Thoracic surgery is commonly associated with severe, multifactorial pain during the postoperative period and is among the surgical branches with a high risk of developing chronic pain Despite advances in understanding postoperative pain mechanisms and improvements in pain management, inadequate postoperative pain control remains an unresolved healthcare problem. Higher acute pain scores are associated with less effective ventilation and coughing, increased incidence of lower respiratory tract infections, and prolonged ICU and hospital stays .

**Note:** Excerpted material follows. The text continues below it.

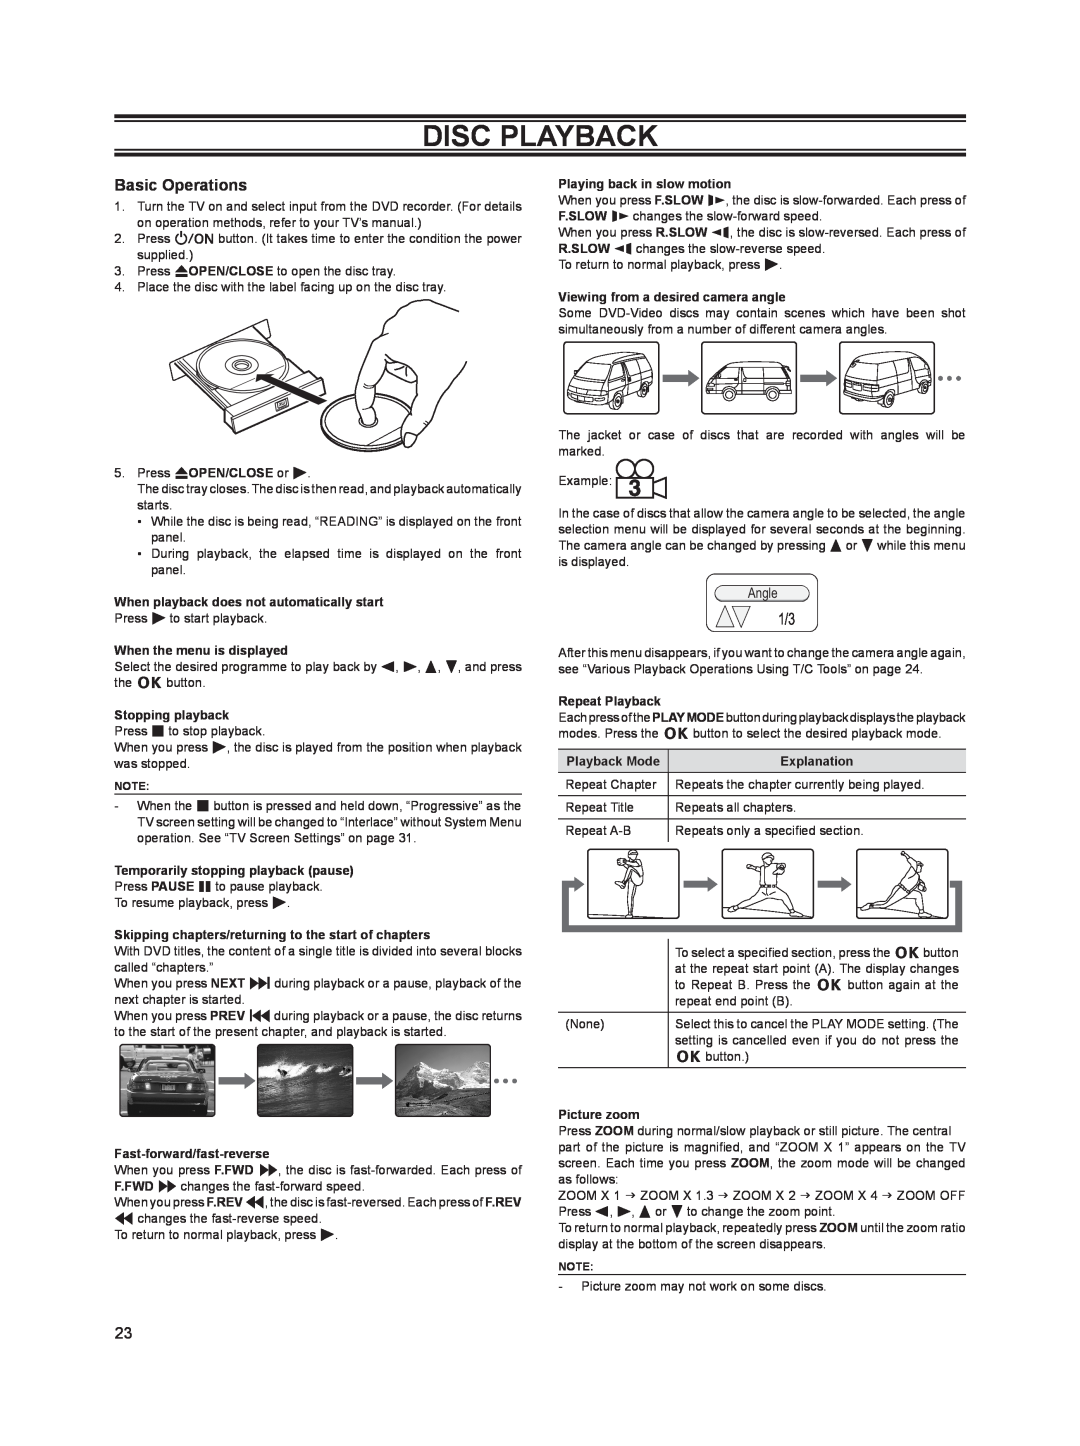 Sanyo DVR-HT120 instruction manual Disc Playback, Basic Operations 
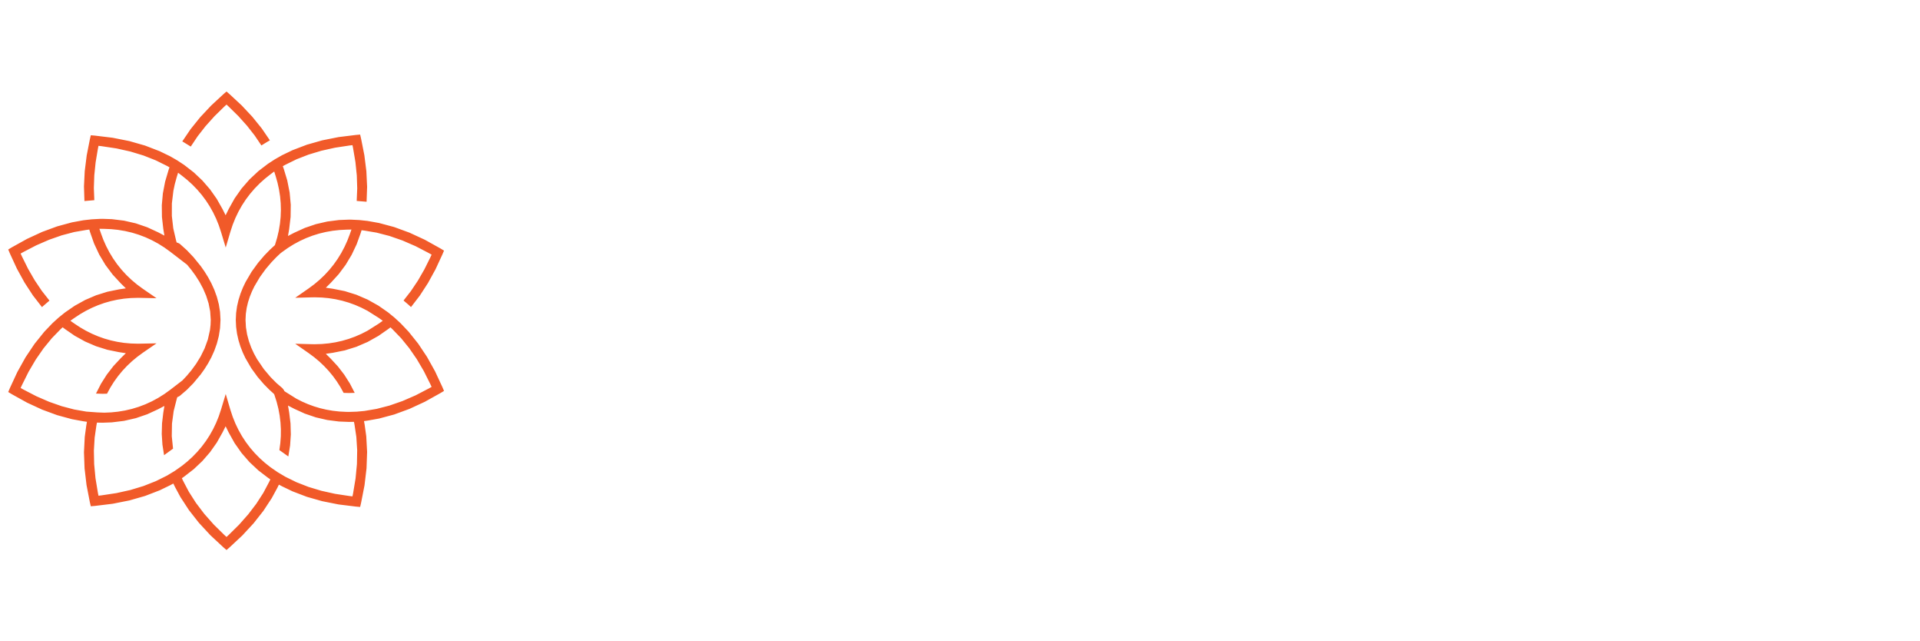 Bloom India

In the management of acute postoperative pain after thoracic surgery, clinicians have sought alternatives to thoracic epidural analgesia to avoid its potential adverse effects. Truncal blocks such as thoracic paravertebral block, erector spinae plane block, and serratus anterior block have been used to reduce postoperative pain . Additionally, various other analgesic techniques such as patient-controlled analgesia (PCA) and multimodal analgesia have been employed. Historically, the cornerstone of acute postoperative pain control has been systemic opioids administered via oral, intravenous, or thoracic epidural routes . Although opioids provide excellent pain relief, they are associated with significant side effects that can adversely affect recovery .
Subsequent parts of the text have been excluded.